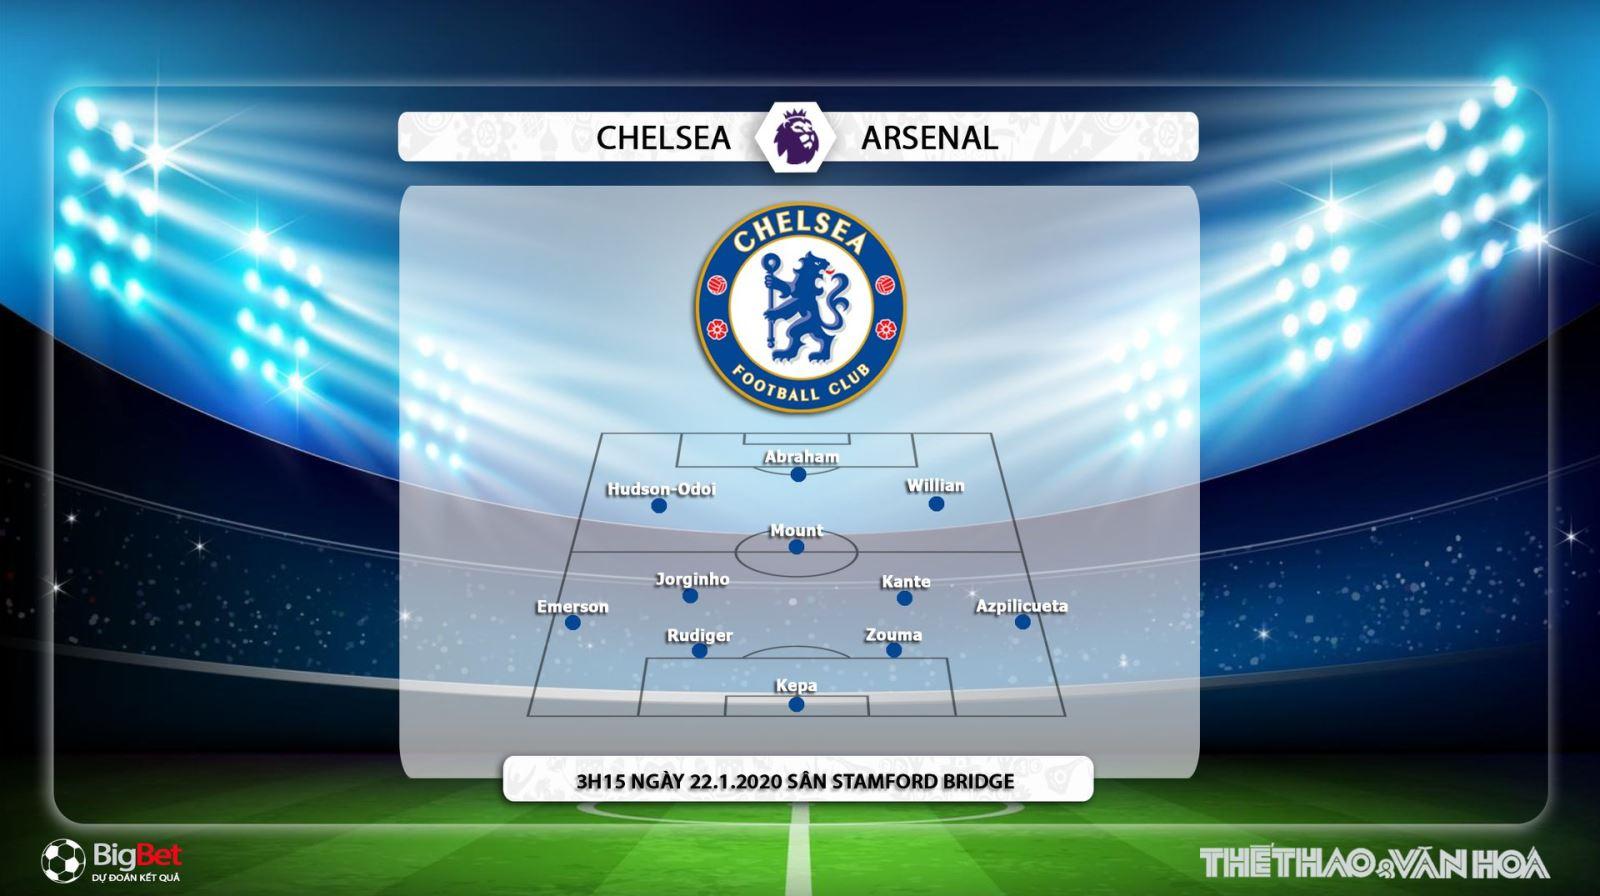 Chelsea vs Arsenal, Chelsea, Arsenal, nhận định  Chelsea vs Arsenal, trực tiếp  Chelsea vs Arsenal, chelsea đấu với arsenal, bóng đá, bong da, K+, K+PM
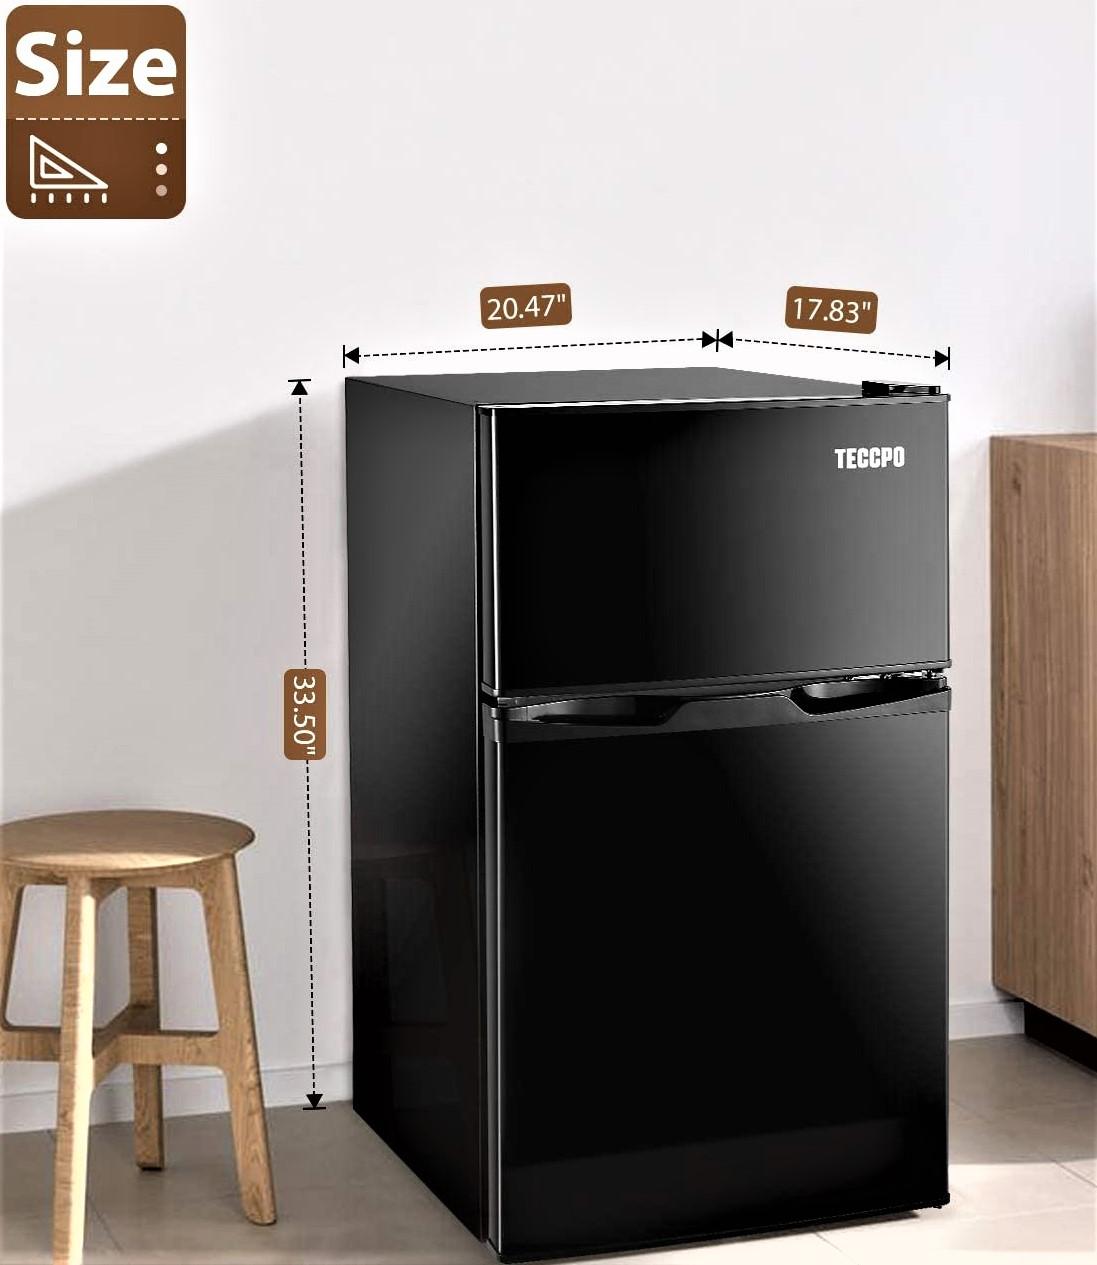 TECCPO Mini Fridge with Freezer, 3.0 Cu.Ft Specs
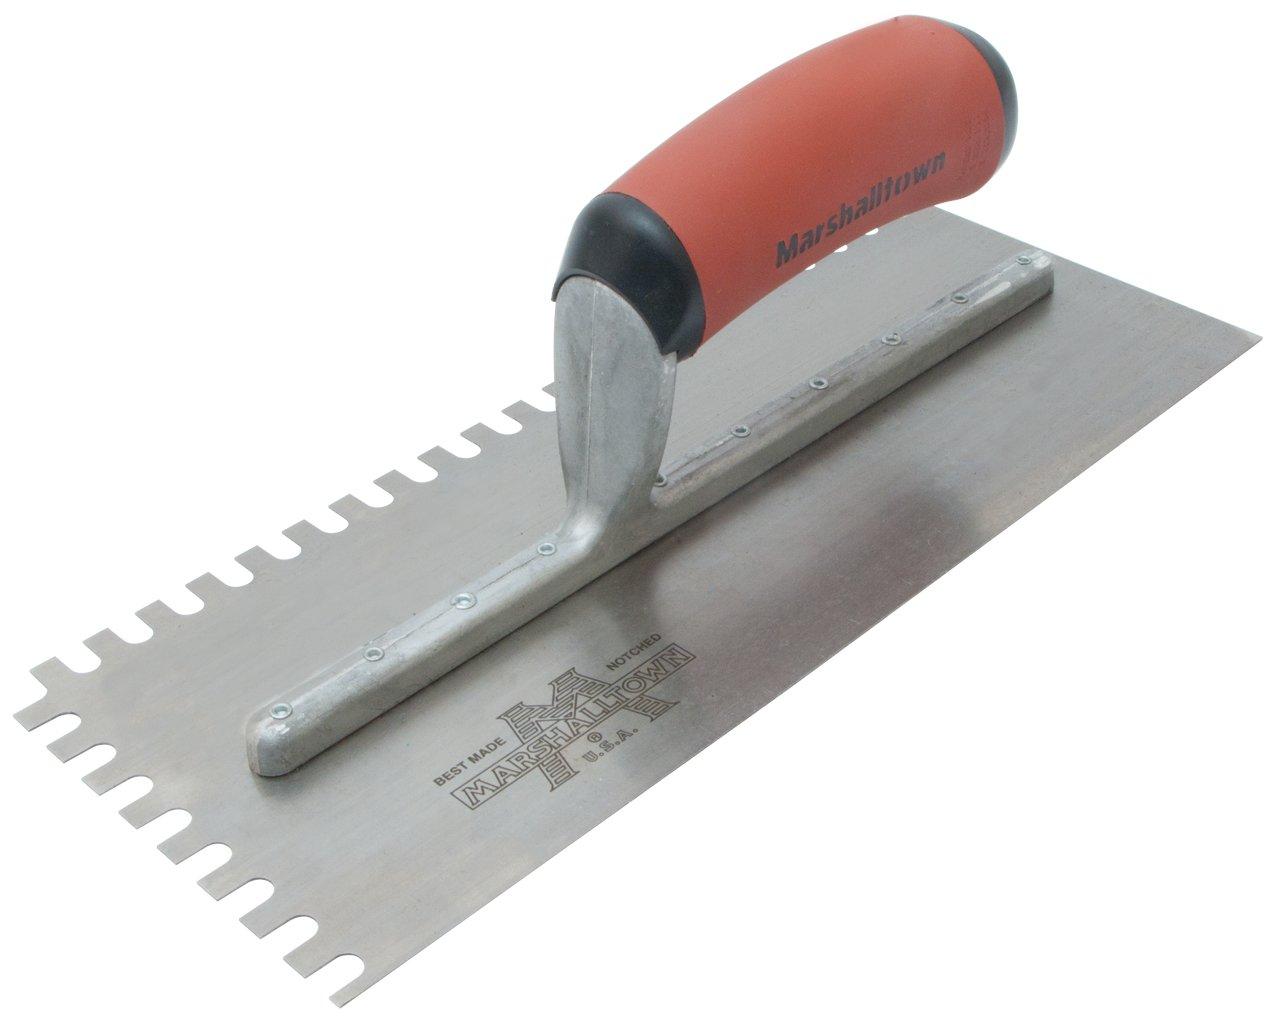 Marshalltown NT686 Notched Trowel 1/4 x 3/8 x 1/4-Inch U-Soft Grip Handle

-- What to do --
An exact copy of every line above, minus the pictures, is the required output.

-- Result of the exercise --
 Chelsea vs Arsenal, Chelsea, Arsenal, nhận định  Chelsea vs Arsenal, trực tiếp  Chelsea vs Arsenal, chelsea đấu với arsenal, bóng đá, bong da, K+, K+PM
 TECCPO Mini Fridge with Freezer, 3.0 Cu.Ft Specs
 Marshalltown NT686 Notched Trowel 1/4 x 3/8 x 1/4-Inch U-Soft Grip Handle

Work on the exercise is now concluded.